Chisato catches up to him in front of Tokyo Station, and he tells her he’s realized from their behavior that the assassin who killed his family is nearby, and intends to kill him. There’s a resignation in the way he seems to be intentionally making himself a prime target for Jin, who has a high vantage point in some scaffolding.

Takina manages to cause Jin’s killing shot to miss and then bum rushes him, and the two fall through the scaffolding. Takina fortunately lands on some soft bags of building material, but it’s another demonstration of how she acts before thinking long-term (which has its pros and cons).

An out-of-breath Mizuki finally arrives (she really had a workout this week), and Chisato leaves Matsushita in her care, worried that Takina could be in trouble. Sure enough, Takina gets grazed in the leg and her mobility is severely curtailed, leaving her a sitting duck for Jin.

Well, Chisato isn’t about to let her partner get killed, so she springs into action, firing rounds that create puffs of colored sand to blind Jin (a modern take on an ancient ninja blinding tactic metsubushi) then gets right up in Jin’s business and unloads a clip of concussive rounds that put him down without ending his life.

When Matsushita sees Jin is still alive, he insists Chisato kill him, reminding her of the mission she carries as an Alan Child. Because Chisato is Chisato, she respectfully declines to kill Jin, saying she only wants to help others, like the person who gave her her Alan pendant. With that, all of Matsushita’s machines shut down, and we get the biggest twist of the episode: Matsushita didn’t exist.

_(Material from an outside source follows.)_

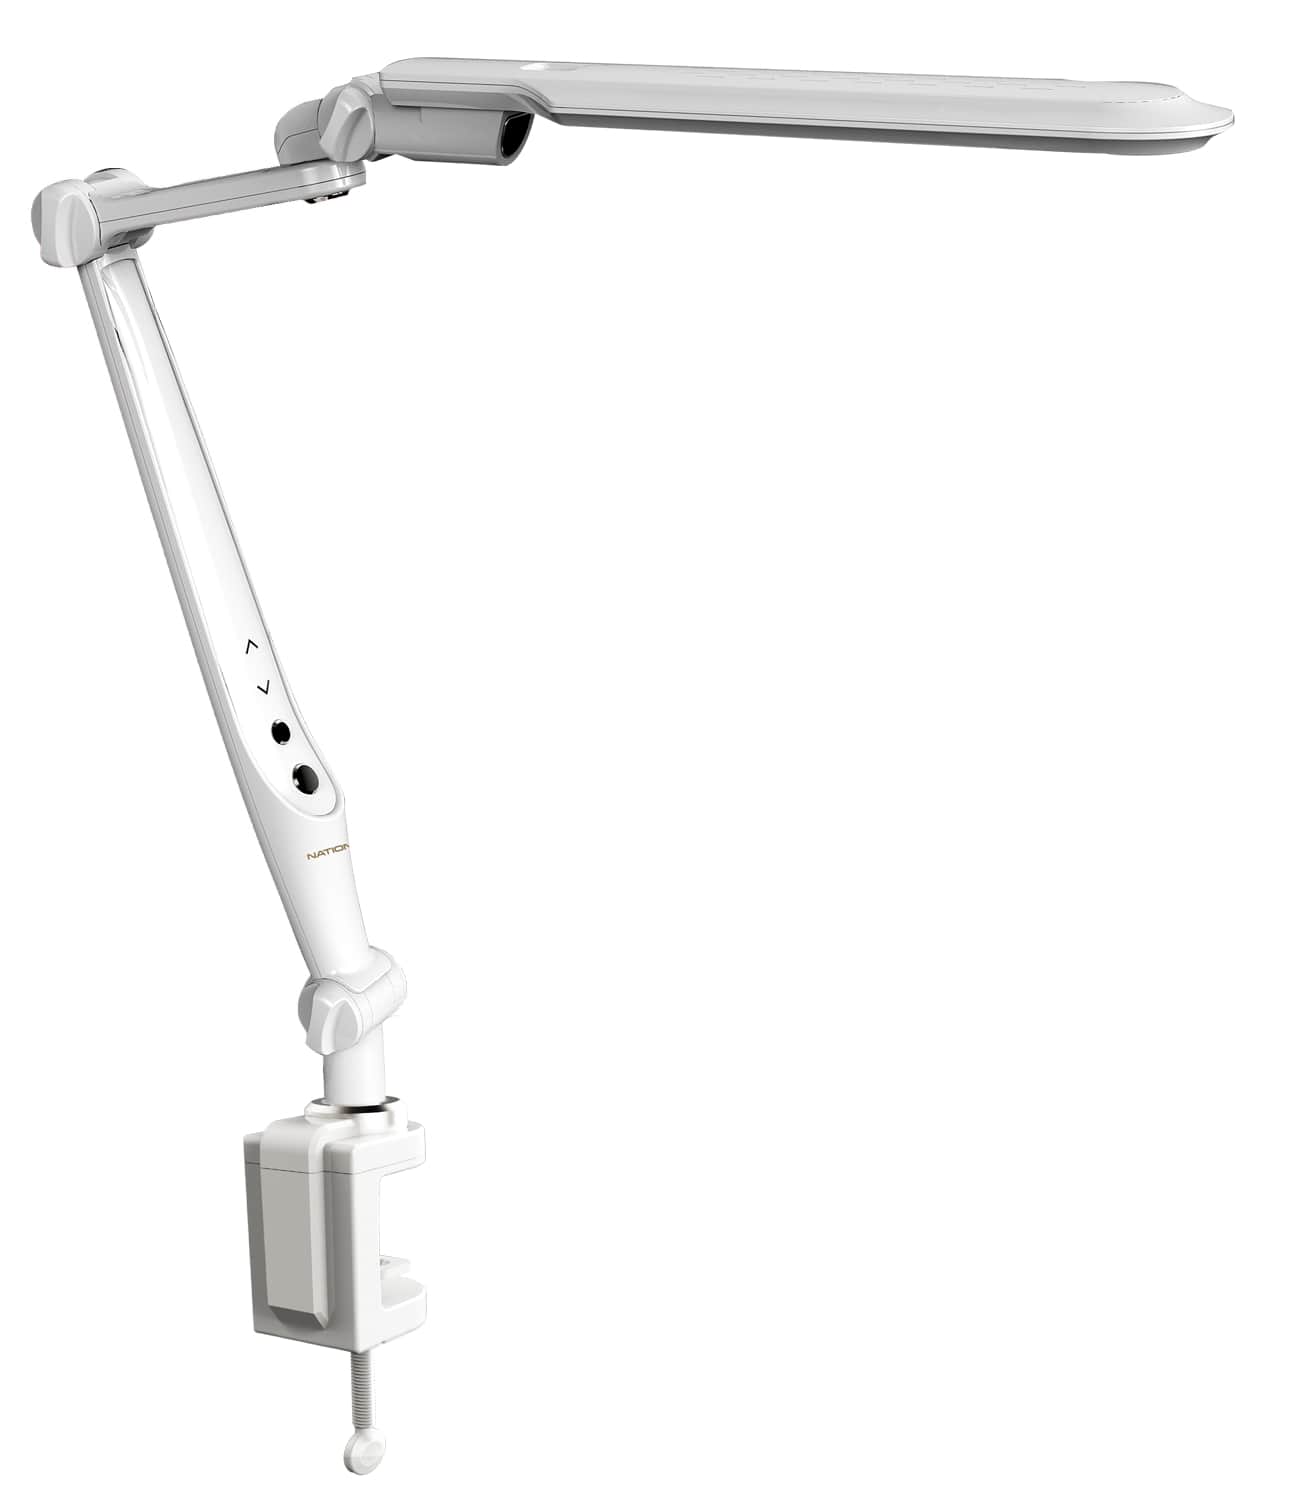 Картинка Настольная лампа светодиодная NATIONAL NL-71LED по разумной цене купить в интернет магазине mall.su
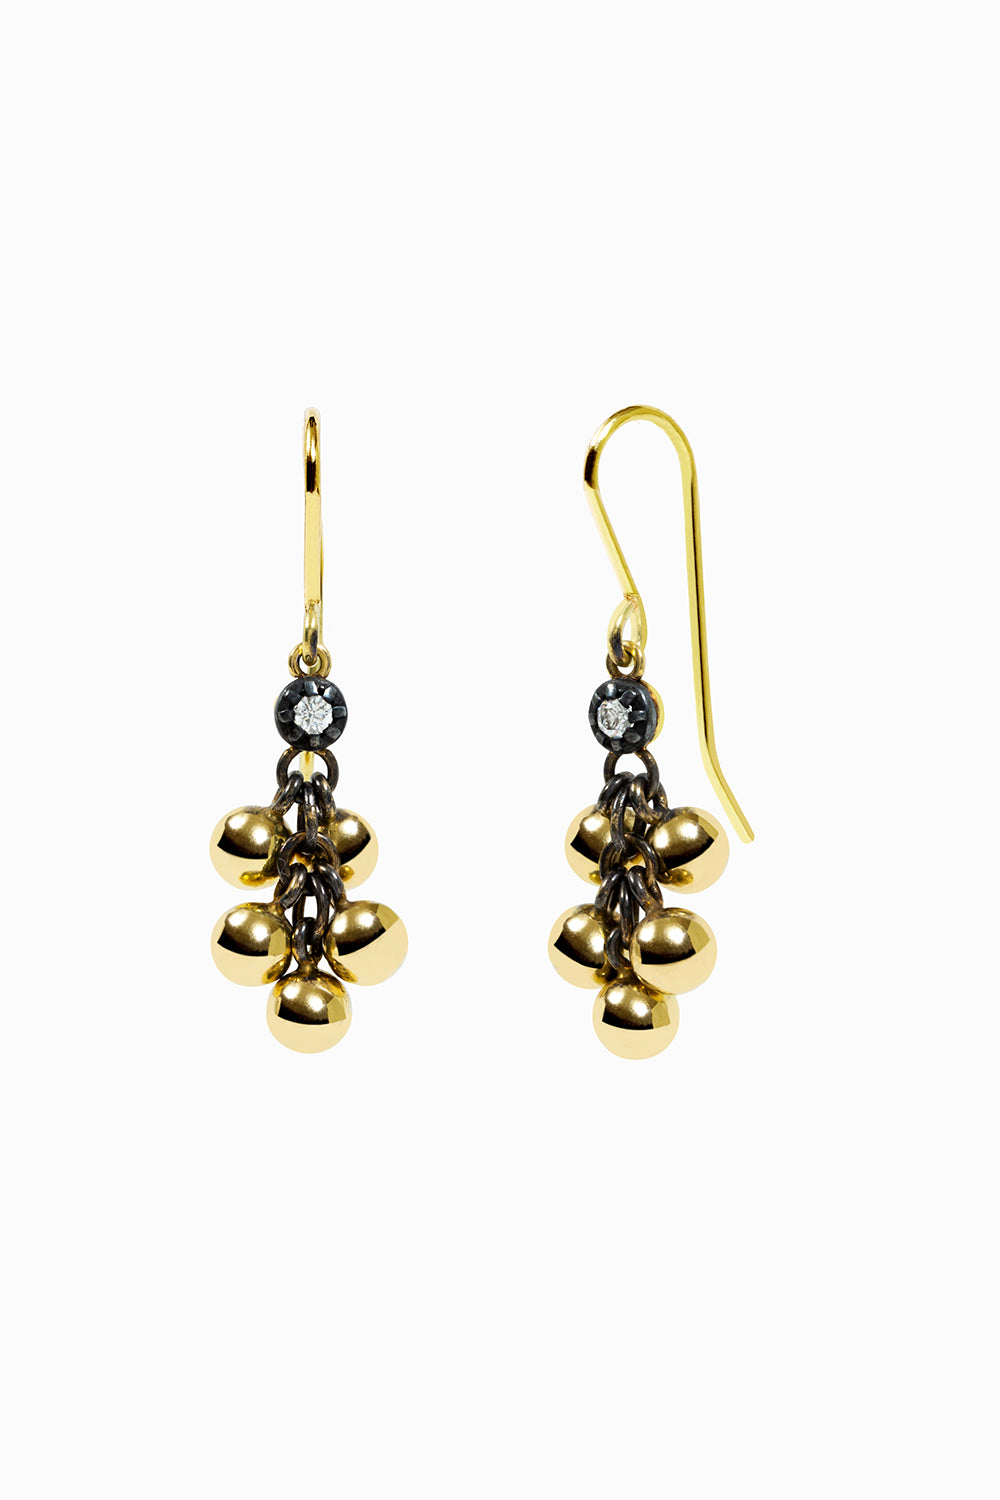 Racimo earrings with diamonds

It turns out a medical patient that was missing from a facility was used as a “fake” Matsushita by a third party, who saw through the goggles on the man’s eyes, remote controled his wheelchair, and spoke via the internet. Why this person went through so much trouble to specifically try to make Chisato kill Jin, we don’t know. We only know that a woman paid Jin cash to kill “Matsushita” and he didn’t ask any more questions.

If last week’s Lycoris massacre wasn’t foreboding enough, the penultimate scene in this episode features Mashima’s grey overall-wearing associates luring the attention of a Lycoris so he can run her down with his car, and then they empty their clips into her for good measure. All of these guys have a serious hatred of the Lycoris, and they’re surely not done. Someone will have to stop them, and lethal force may be necessary.

But at least for a little while longer (probably too short a while), Chisato and Takina don’t have to worry about that. Unaware of the Lycrois killings, Chisato is more worried about whether being called an amazing tour guide was just a lie. Takina assures her that she wasn’t, and whoever was controlling that poor old man was genuine in their praise.

Then, with no one else around, Takina sees Chisato is open and lays her head upon her chest so she can hear—or rather not hear—her lack of a heartbeat. It is a beautifully animated (no surprise for this show) and incredibly heartwarming gesture that shows just how close these two have become. Unfortunately, this comes just in time for the shit to hit the fan courtesy of Mashima.